I looked upward, to safety, and saw only sheer cliffs between us and the street above. The beach had drowned under forty nights of rain, and we were about to as well. No one knew we were there. Most of the population of Palos Verdes was away for Christmas.

So it was on me. All I had to do was keep our heads over the water and not drift too far out, a simple task that became more difficult as the minutes wore on. The car drifted away, the headlights getting dimmer as it drifted out to sea. I’d been thrown clear, saved by inertia and a body limber and pain free from conspicuous alcohol consumption. Rachel was sober and stuck, but somehow, I’d jumped in and pulled her from the car.

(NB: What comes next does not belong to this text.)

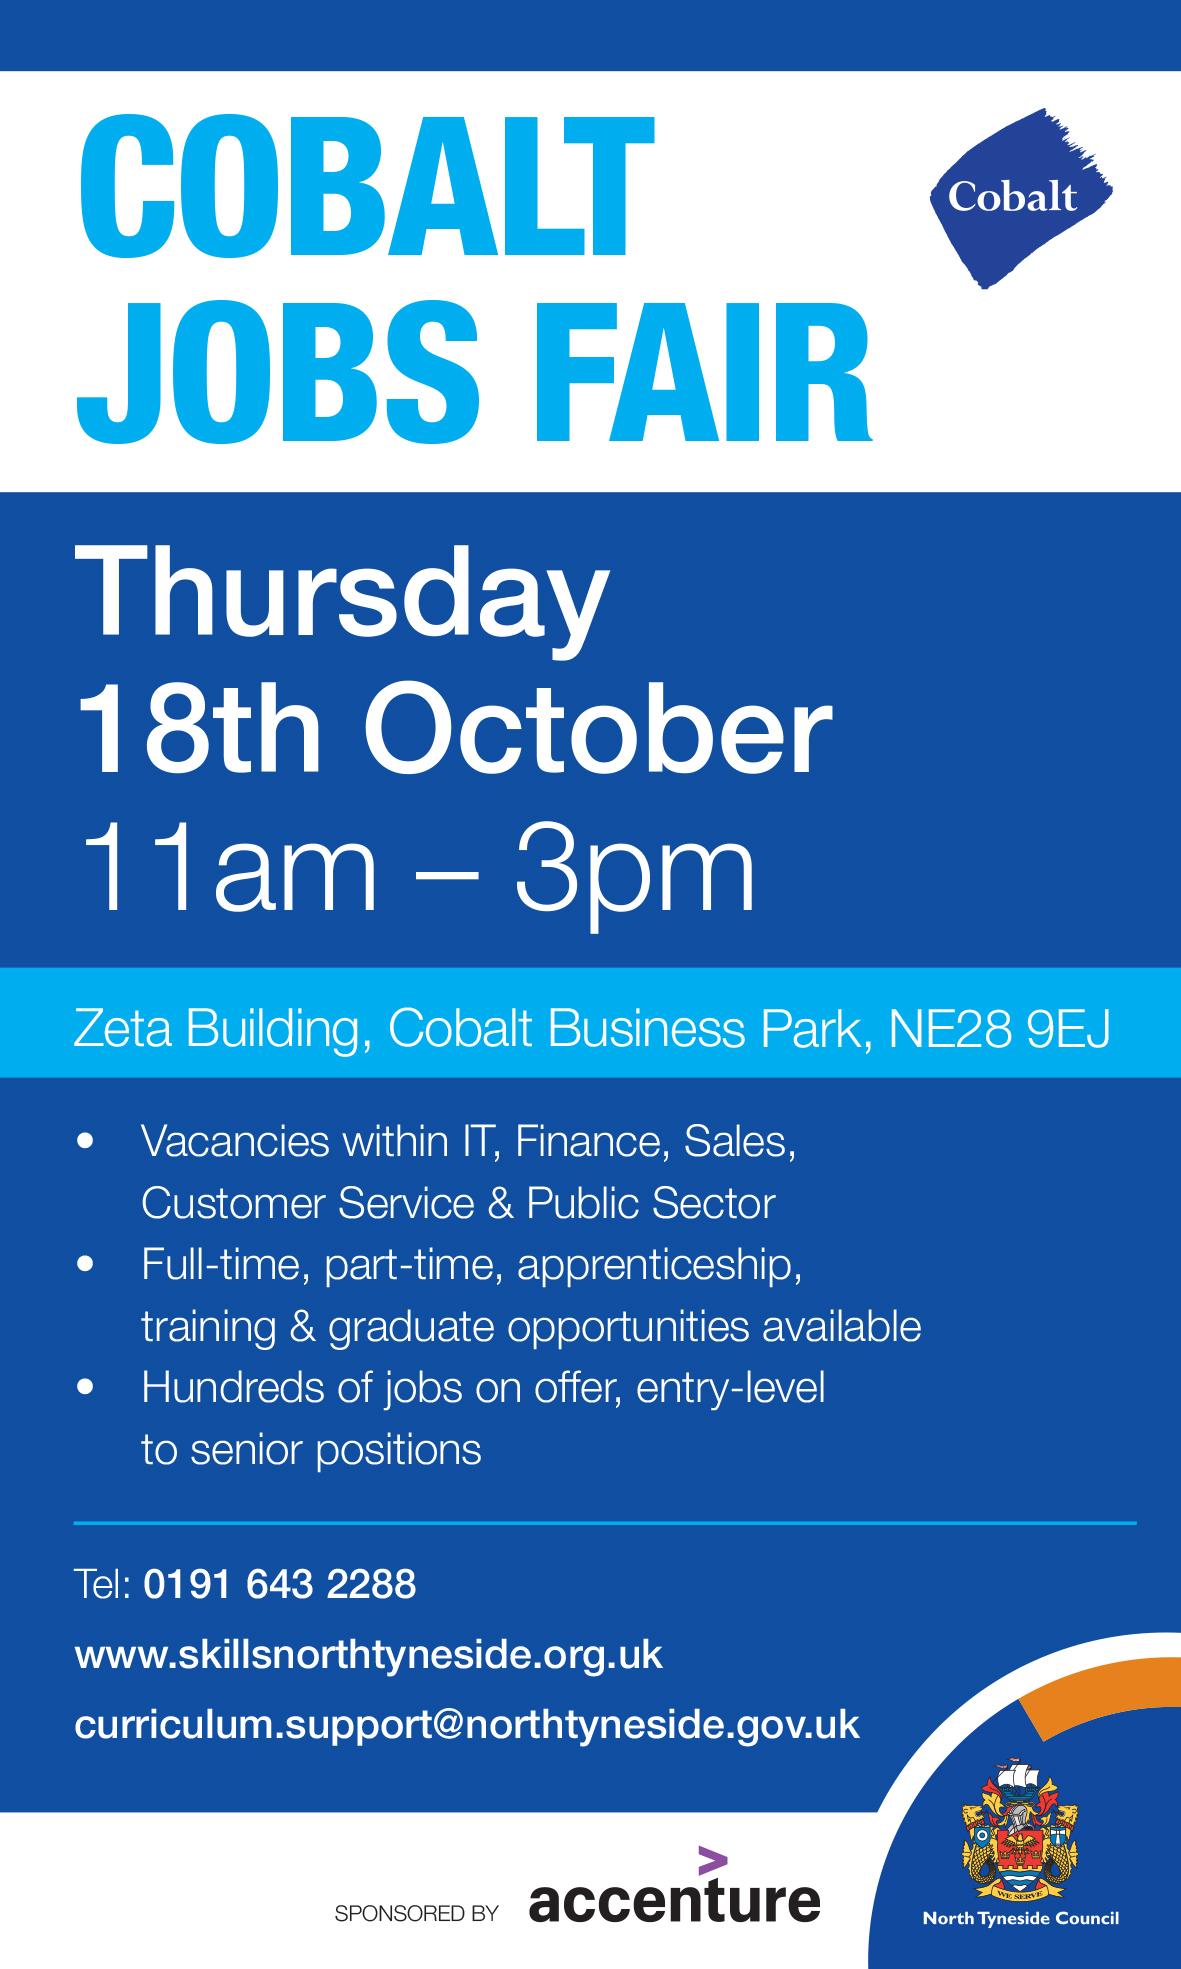 Cobalt Jobs Fair

I looked up the cliff again, the rain dropping in my eyes. It was a black edge, cutting the starry sky in half. Hopeless. Going down had been as easy as a running jump. Getting back up would be impossible. I tried to keep our heads above water, and failed, and tried again, and failed again.

A light.

Two lights.

A car parked right at the edge of the cliff. I tried to cry out, but I had nothing left. The noise of the ocean and the rain would have drowned out even the most powerful scream. All I had was my body and my last bits of strength. I swam toward the lights, pushing against the current, and saw that the driver had found a way to crawl down.

The driver was my father.

He wore the khaki trench coat I’d looked for at Sheila’s house. I’d wanted his keys so I could chase Rachel. I’d seen him out the window, going after her, and run out. That’s how he knew we were there. Thank God for him. I’d never been grateful for my father before. I looked at Rachel. She’d become a dead weight in my arms, but I pulled her up. A wave caught us. A lucky break. I smacked against the rocks, managing to put myself between them and Rachel. My father got thigh deep in the water, grabbed my collar, and pulled me onto the ledge. I climbed with him, pulling Rachel. Dad grabbed her and helped us up. I collapsed at the top.